Wie schon im Heimspiel gegen RB Leipzig war im Derby die geschlossene Teamleistung der Schlüssel zum Erfolg. Kein Spieler musste durchgeschleppt werden, alle brachten die geforderte Leistung auf den Platz. Entsprechend fällt die Einzelkritik aus:

Yann Sommer: Anders als in der Vorwoche wurde er diesmal von seinen Vorderleuten nicht im Stich gelassen und musste sich nur wenigen ernsthaften Prüfungen unterziehen. Der Goalie fing einige Flanken sicher ab und war bei zwei Torschüssen der Kölner pflichtgemäß zur Stelle. Wie üblich spielte Sommer (78 Ballkontakte) gut mit. Beim Elfmeter spekulierte der 33-Jährige auf die andere Ecke, beim zweiten Gegentor war auch er überrascht vom Fehler Lainers und konnte aus kurzer Distanz nicht mehr viel machen. Note 3,0.

Joe Scally: Hatte auf seiner rechten Seite gegen Kainz und den nachrückenden Hector viel Defensivarbeit zu verrichten. Scally war ausgesprochen zweikampfstark und verlor nur selten den Überblick. Der 19-Jährige ‘besorgte’ Kainz die erste Gelbe Karte. Auffällig, dass Scally bei Ballbesitz diesmal fast ausnahmslos nach vorne ‘dachte’. So spielte er den blitzsauberen Pass auf Hofmann, woraus die Ecke zur Führung entstand. Auch die Riesenchance für Thuram bereitete Scally mit seiner scharfen Hereingabe stark vor. Note 2,5.
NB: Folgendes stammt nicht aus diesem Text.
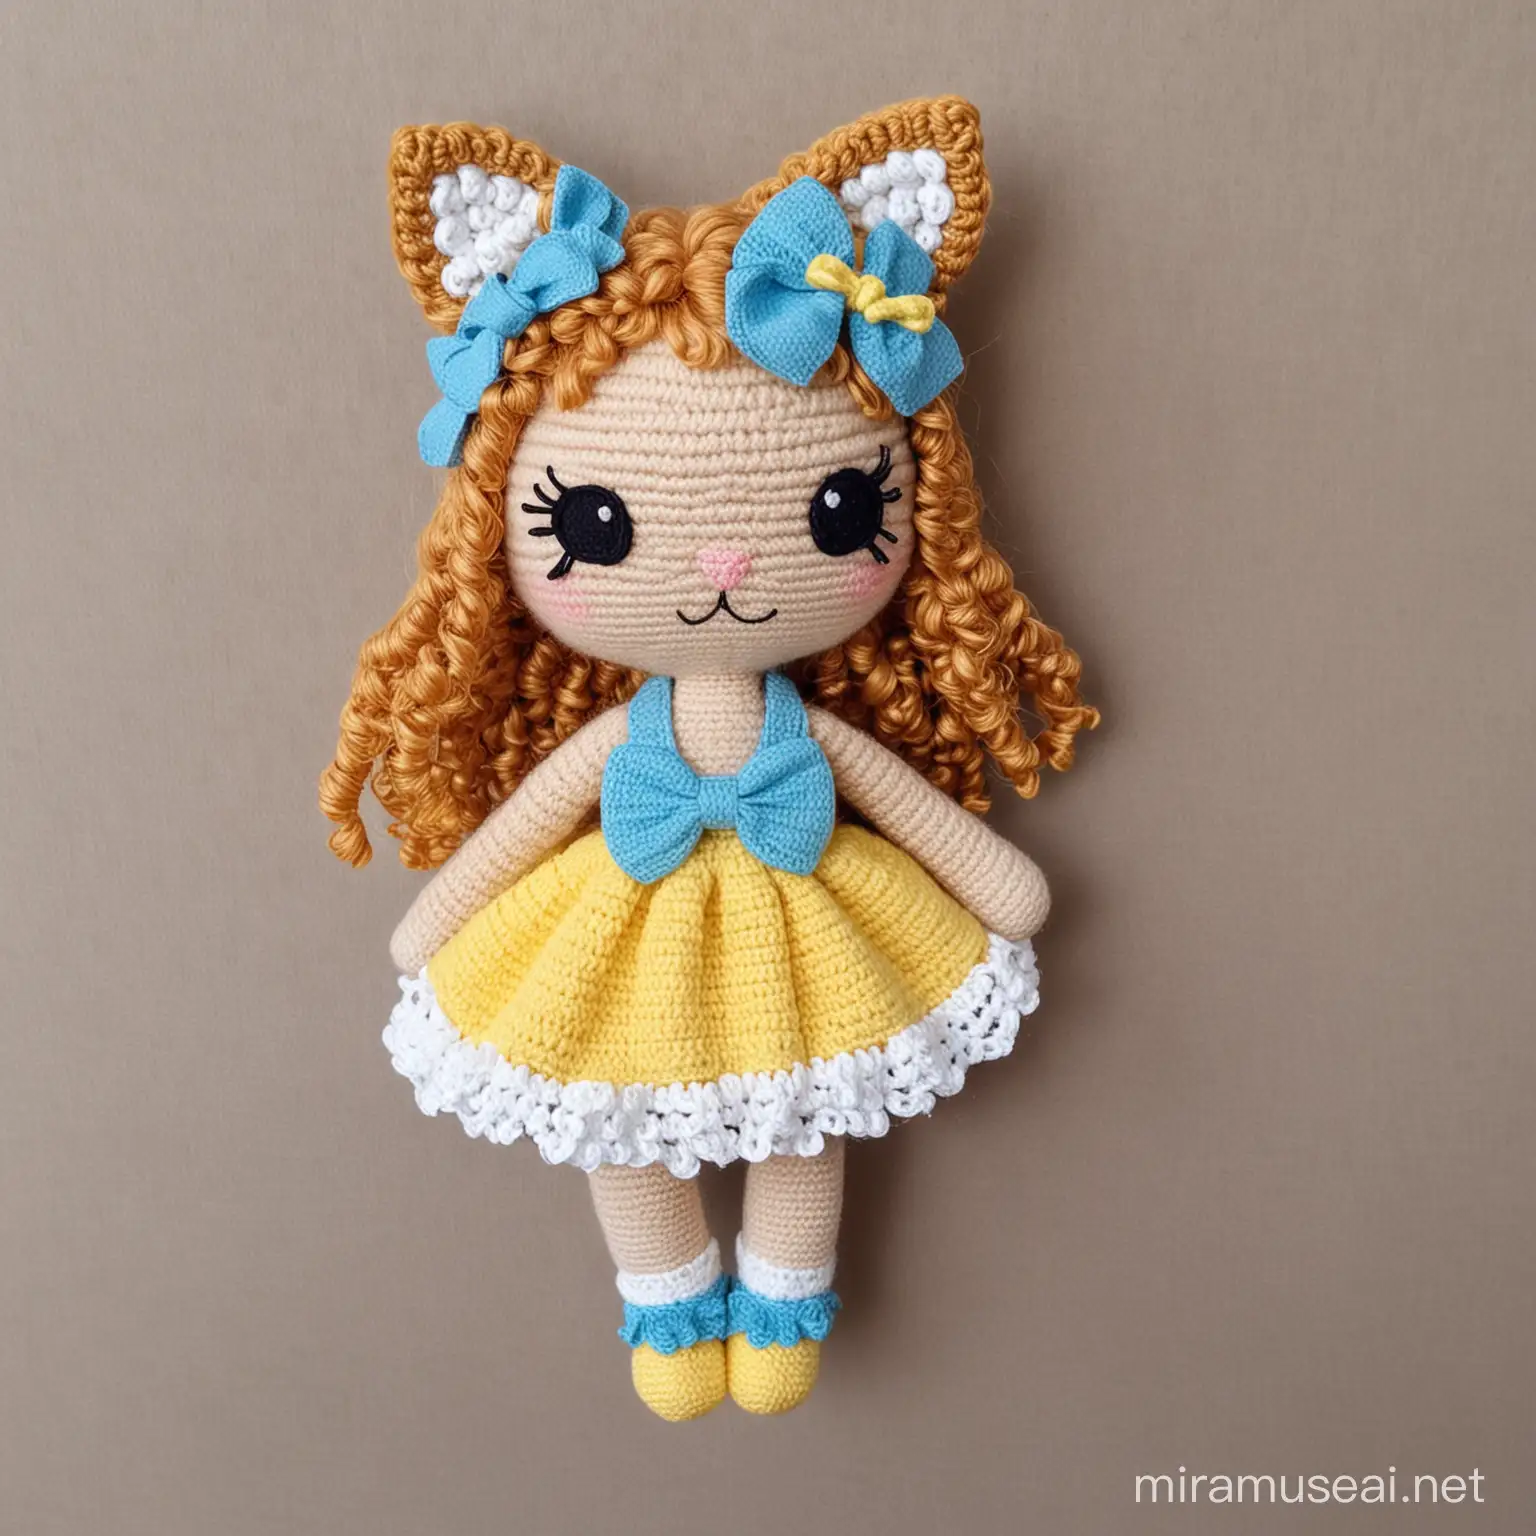 Amigurumi crochet Lovely cat little baby girl, light brown curli hair, cat ears, boho blue And lemon Skirt, light blue bow, blue shues

Marvin Friedrich: Erzielte endlich mal so ein ‘Union-Berlin-Tor’, auf das man bei seiner Verpflichtung gehofft hatte. Wobei es weniger ein Kopfball-, sondern eher ein Schulter- bzw. Rückenballtor war. Abgesehen von einer etwas unklaren Aktion in der zweiten Halbzeit, als er Scally in Bedrängnis brachte, lieferte der 26-Jährige eine souveräne Vorstellung ab. Friedrich löste seine Aufgaben unaufgeregt und hatte vor allem in der Luft alles unter Kontrolle. Im Spielaufbau sicher und mit dem einen oder anderen langen Ball. Note 2,5.

Nico Elvedi: Welch ein Unterschied zum Spiel gegen Bremen. Elvedi war sehr griffig und diesmal stimmte das Timing, wenn er vorrückte. So erstickte er Kölner Angriffsbemühungen mehrfach im Keim. Der Schweizer machte keine dummen Sachen und war äußerst konzentriert. In einer Situation schirmte er den Ball gut ab und sein Gegenspieler wusste sich nur mit einem Foul zu helfen. Bemerkenswert war, dass der 26-Jährige am Ball zügig agierte und nur wenige dieser passiven ‘Schiebepässe’ spielte. Ein Mitverschulden traf Elvedi beim zweiten Kölner Tor, als er den Ball mit seiner unkontrollierten Verlängerung per Kopf ‘scharf’ machte. Note 2,5.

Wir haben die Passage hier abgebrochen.